▶ **EXERCISE DIRECTIONS**
Exact retyping of the data: please keep every word and drop each picture.

▶ **SUPPLIED MATERIAL**
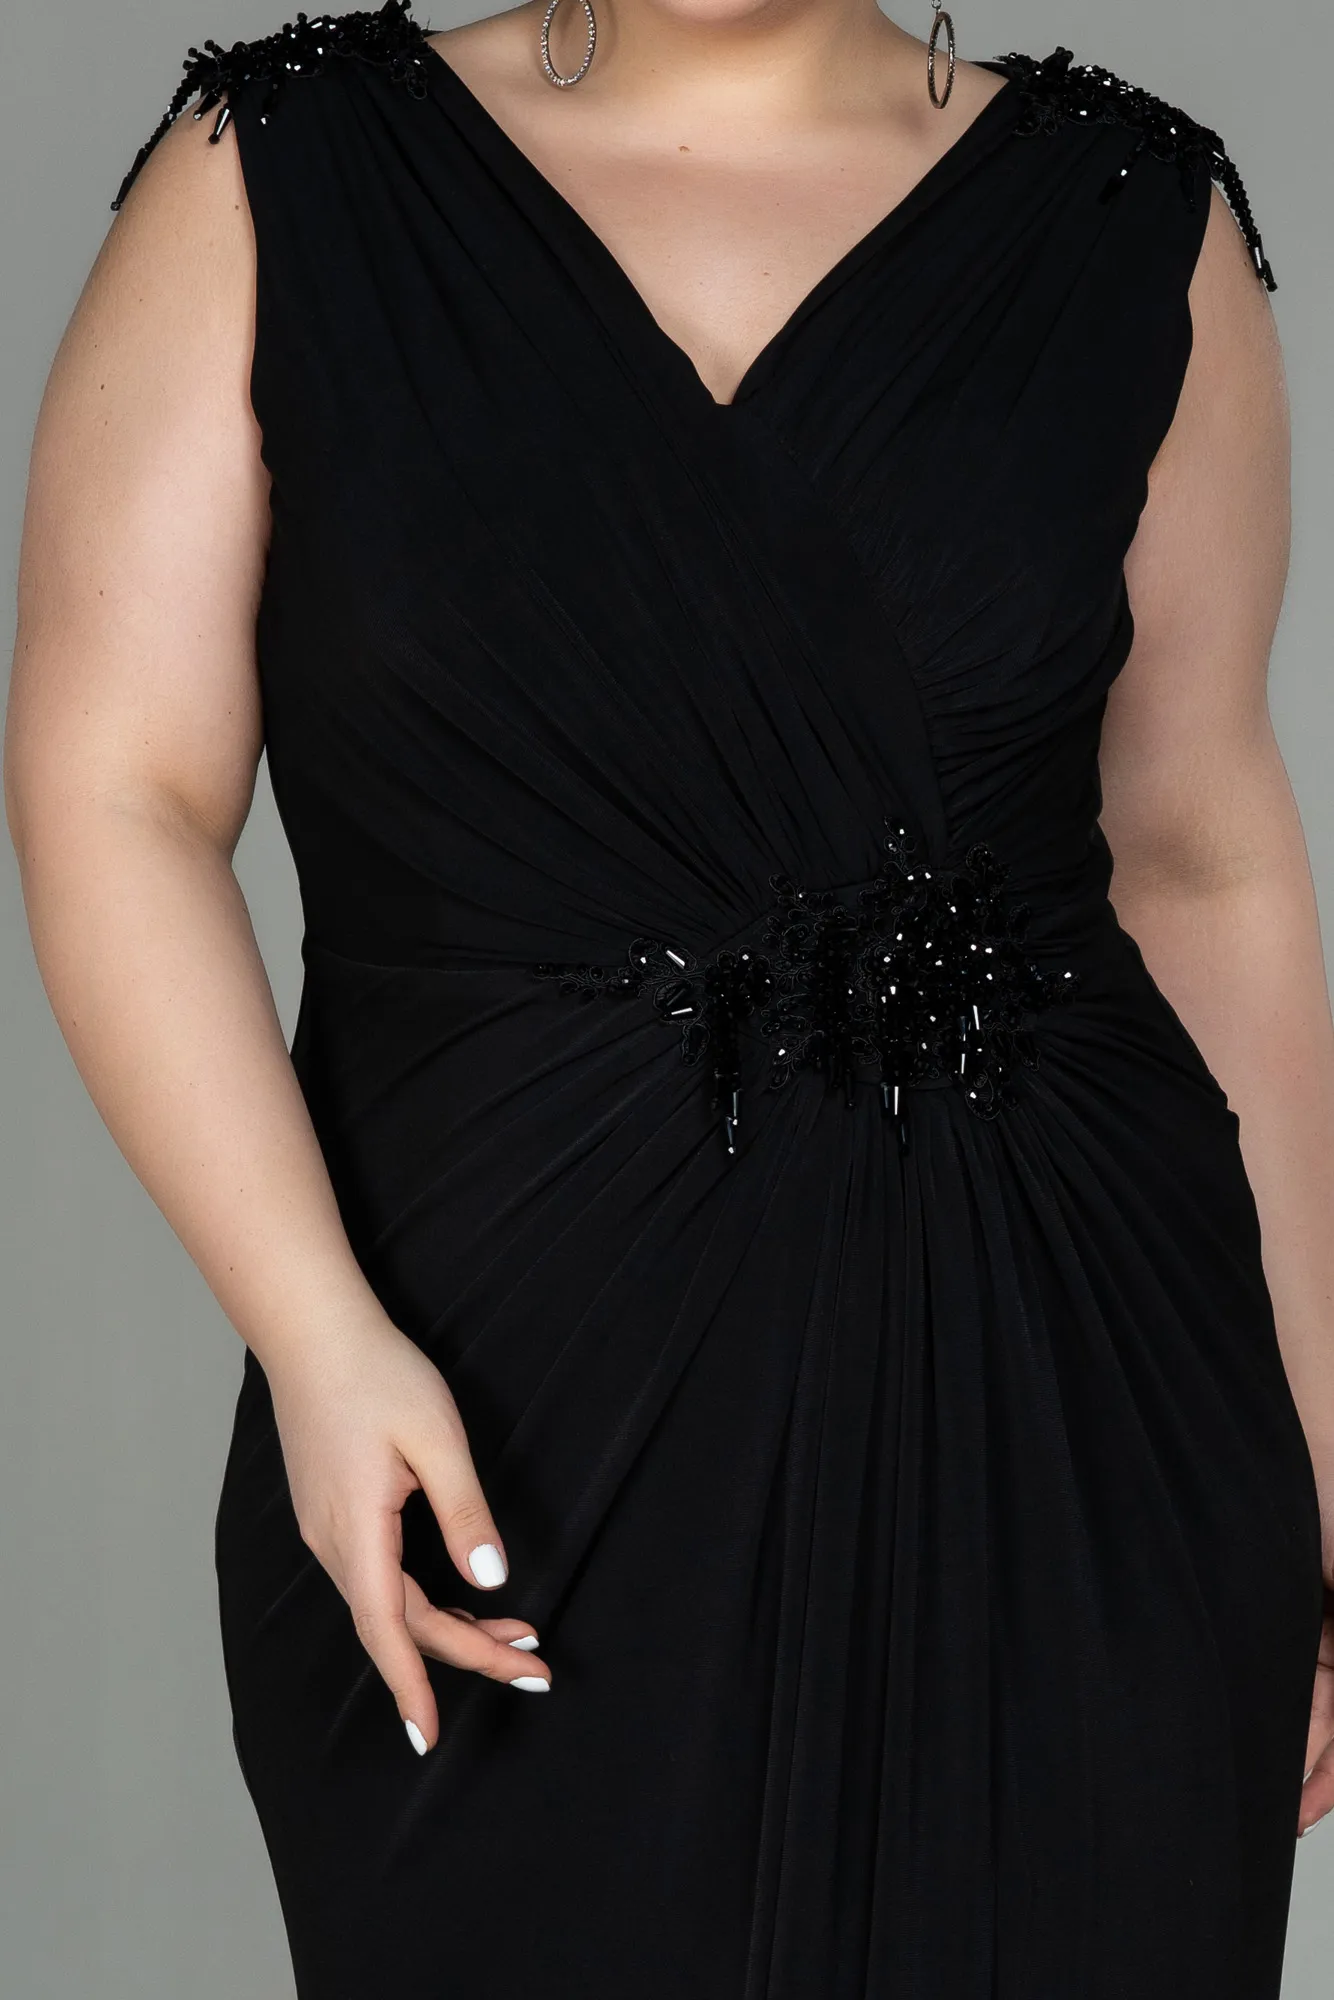 Black-Long Plus Size Evening Dress ABU2854
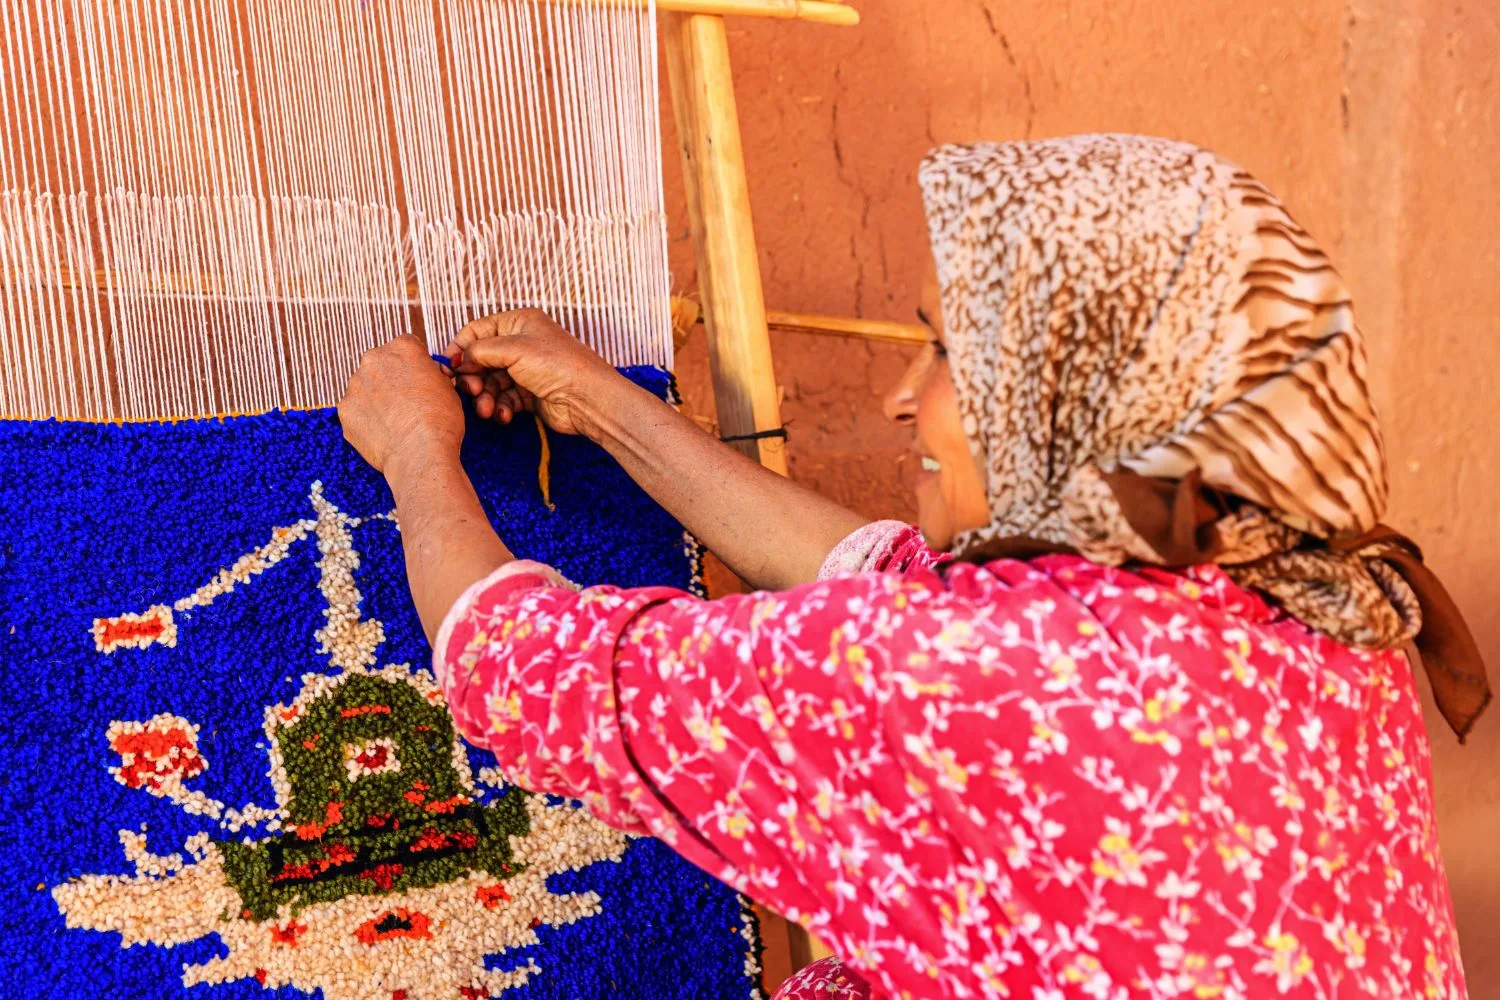 Berber woman weaving textiles in Morocco
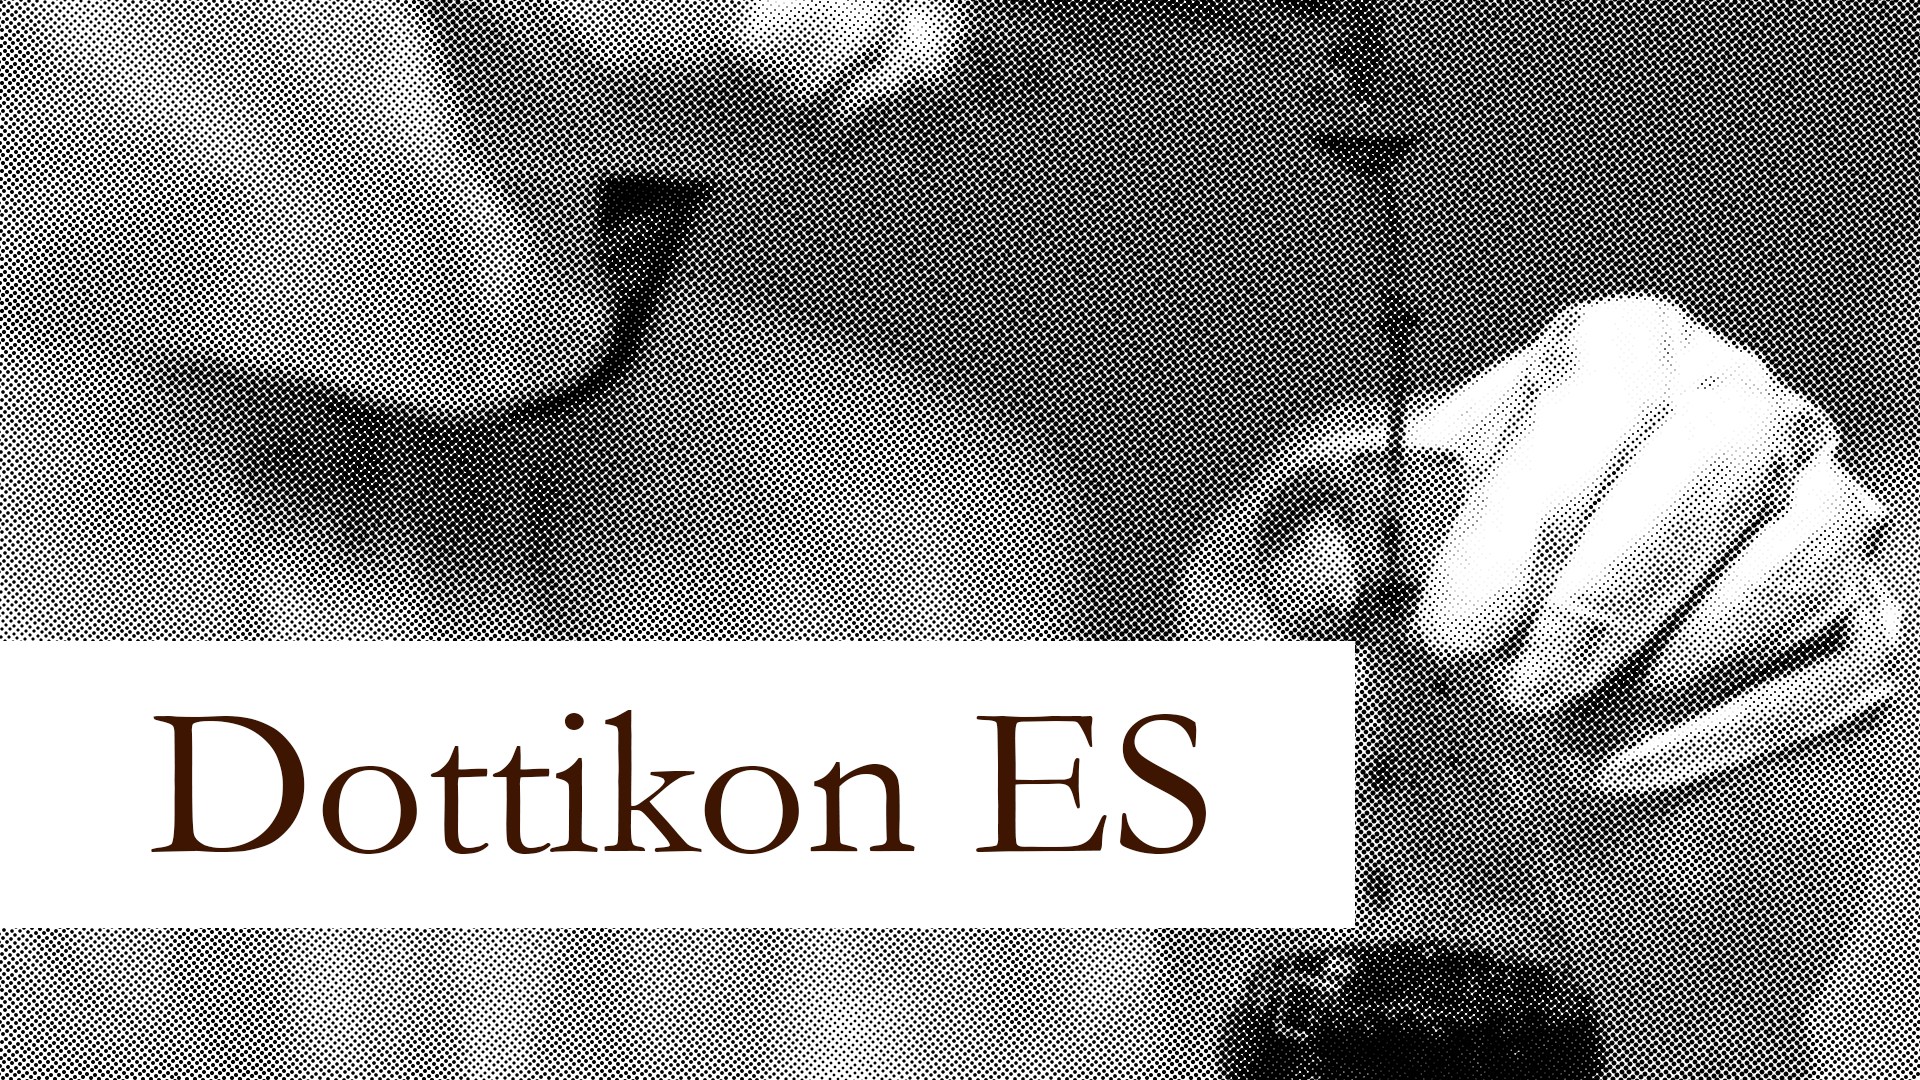 Dottikon ES: Hazardous chemicals with a good 360° View

▶ **OUTPUT OF THE TASK**
 Black-Long Plus Size Evening Dress ABU2854
 Berber woman weaving textiles in Morocco
 Dottikon ES: Hazardous chemicals with a good 360° View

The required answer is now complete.